ARES BECKETT
O dia na matriz Beckett Industries havia sido exaustivo. A única coisa que me mantinha são e focado era saber que, ao cruzar a porta da mansão, eu encontraria a minha esposa.
Normalmente, Rubi me esperava na sala de estar. Ela gostava de ficar enrolada em um cobertor no grande sofá, lendo algum relatório do seu setor ou assistindo a algo na TV, pronta para me receber com um beijo que apagava qualquer problema do meu dia.
Mas quando entrei, a casa estava em silêncio e as luzes da sala estavam apagadas.
Tirei o paletó, afrouxei a gravata e subi as escadas. Rubi não estava se sentindo bem de manhã, talvez ainda não estivesse bem e foi dormir.
Abri a porta da nossa suíte devagar.
Ela estava sentada na nossa cama, usando um roupão de seda curto.
— Boa noite, esposa — murmurei, me aproximando devagar. — Aconteceu alguma coisa?
Ela balançou a cabeça rapidamente, um sorriso tímido se formou nos seus lábios carnudos.
— Não, meu amor. Eu estou perfeitamente bem. Na verdade... tenho um presente.
Parei ao lado da cama e franzi a testa, confuso.

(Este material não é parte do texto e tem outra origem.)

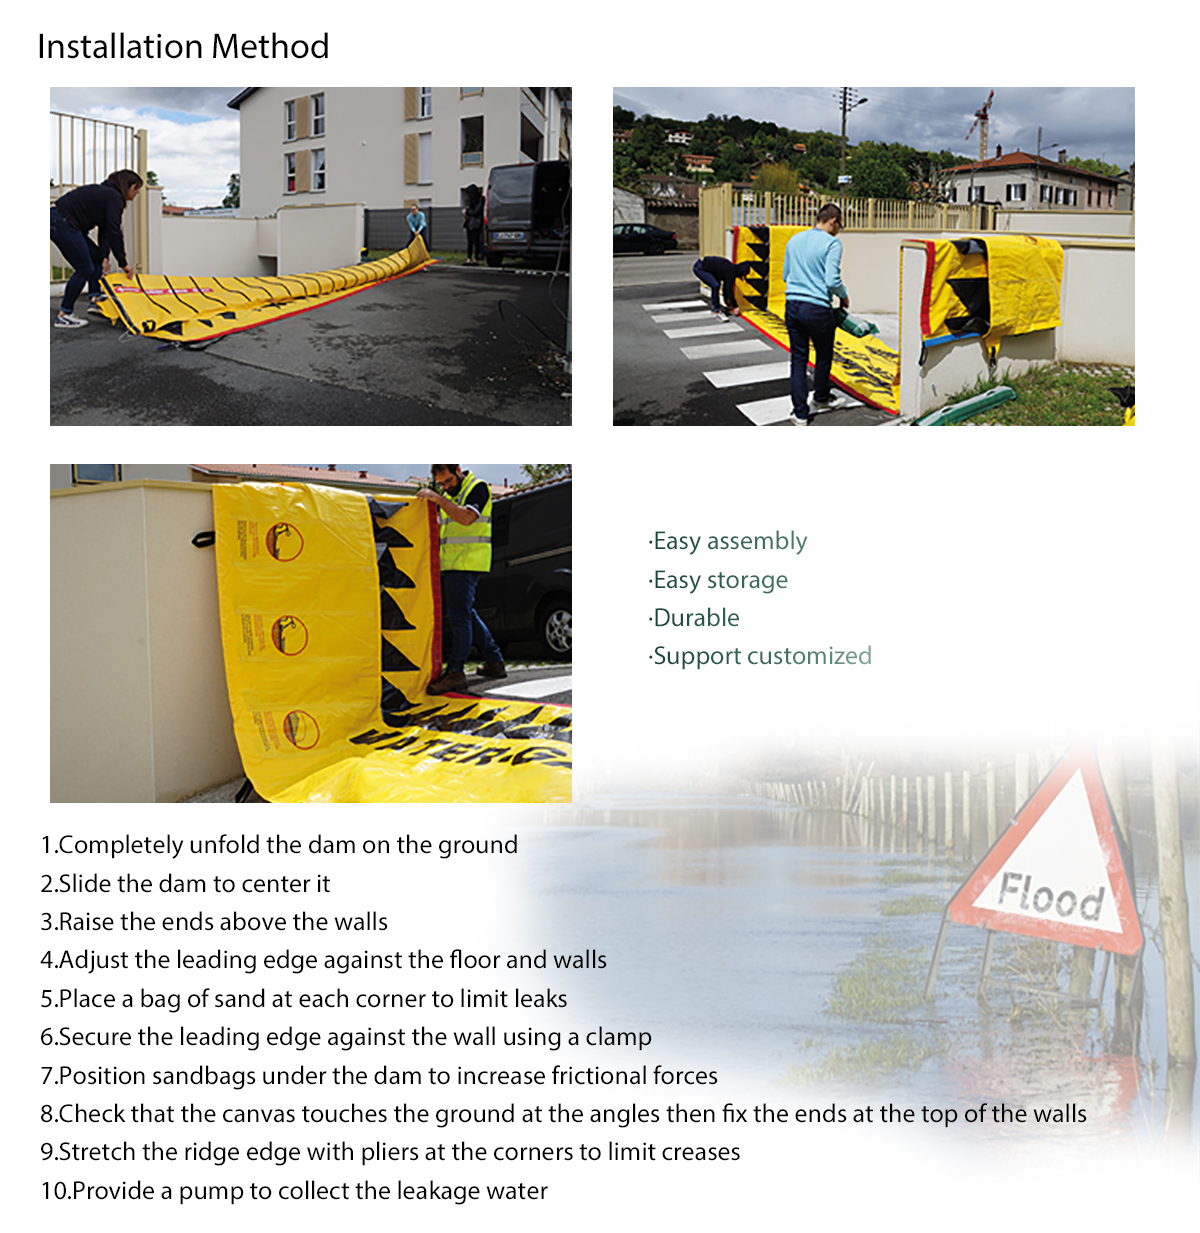 Instllation method of water gate self rising flood barrier
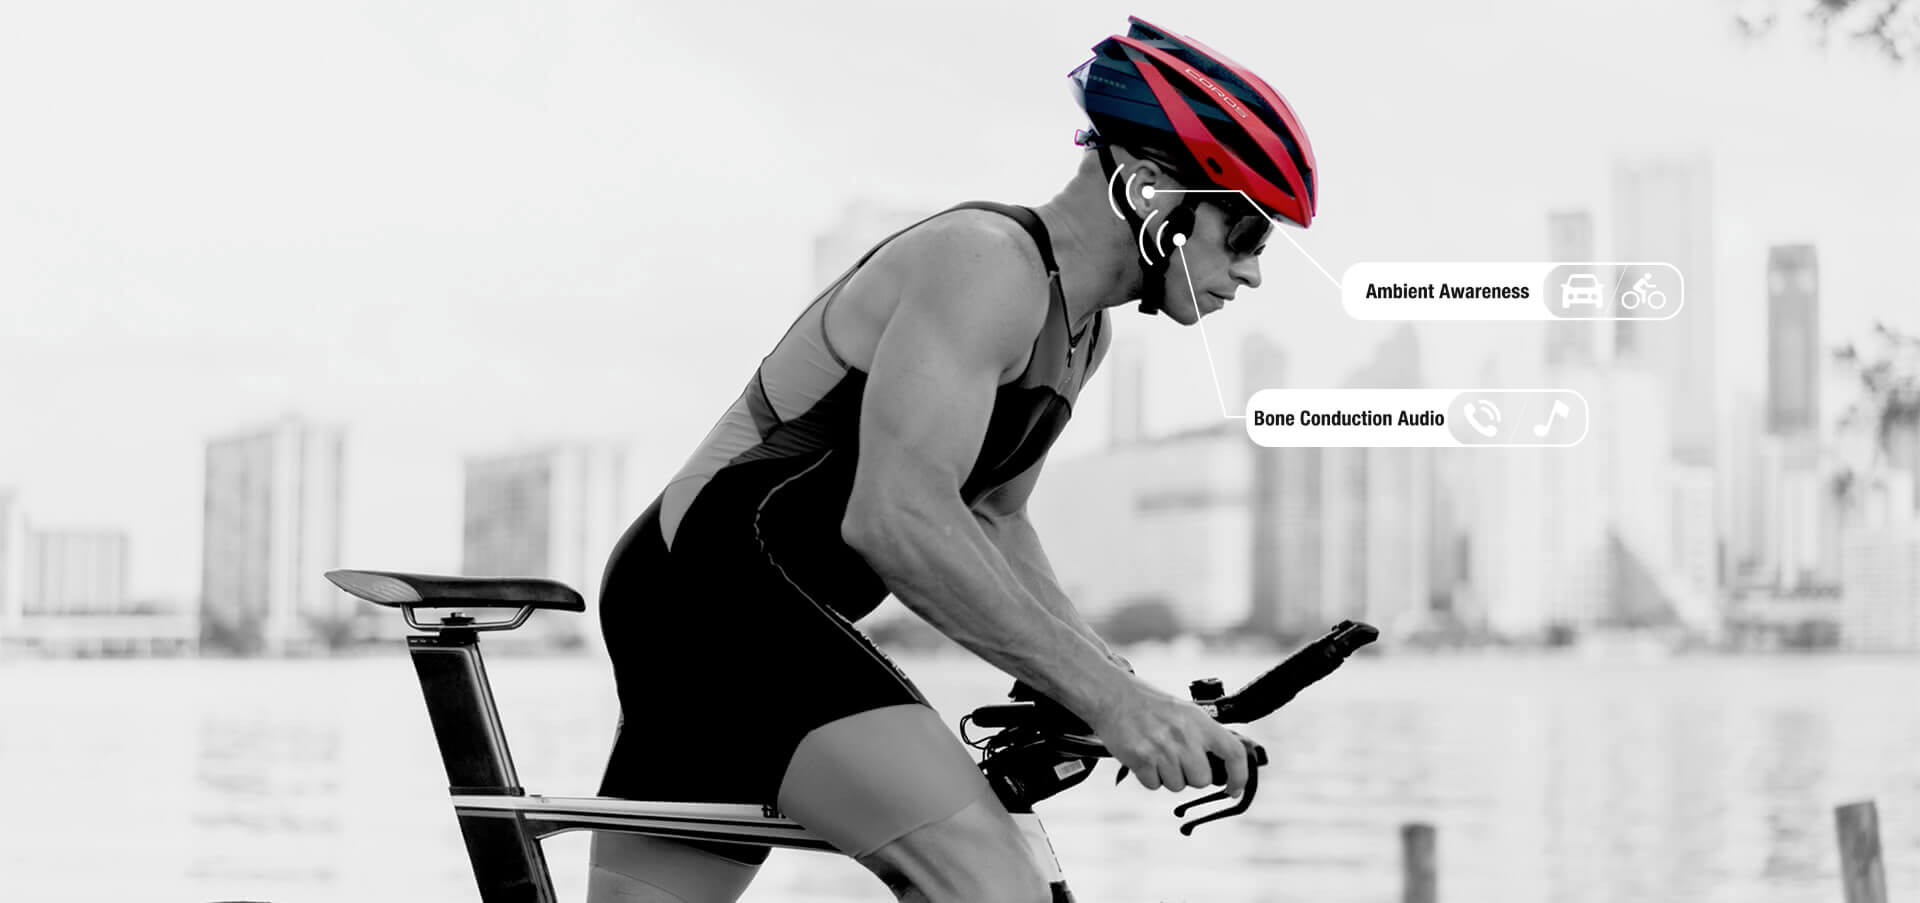 coros omni smart cycling helmet

— Um presente? Não é meu aniversário, Rubi. E o nosso aniversário de casamento ainda está longe.
Ela estendeu as mãos na minha direção. Havia uma pequena caixa entre os dedos dela.
— Apenas abre, Ares. Por favor.
Sentei na beirada da cama, de frente para ela. Peguei a pequena caixa, sentindo o olhar ansioso da minha mulher queimar sobre mim. Com cuidado, tirei a tampa.
Dentro da caixa repousavam três pequenos bastões. Um visor digital exibia uma palavra muito clara: Grávida.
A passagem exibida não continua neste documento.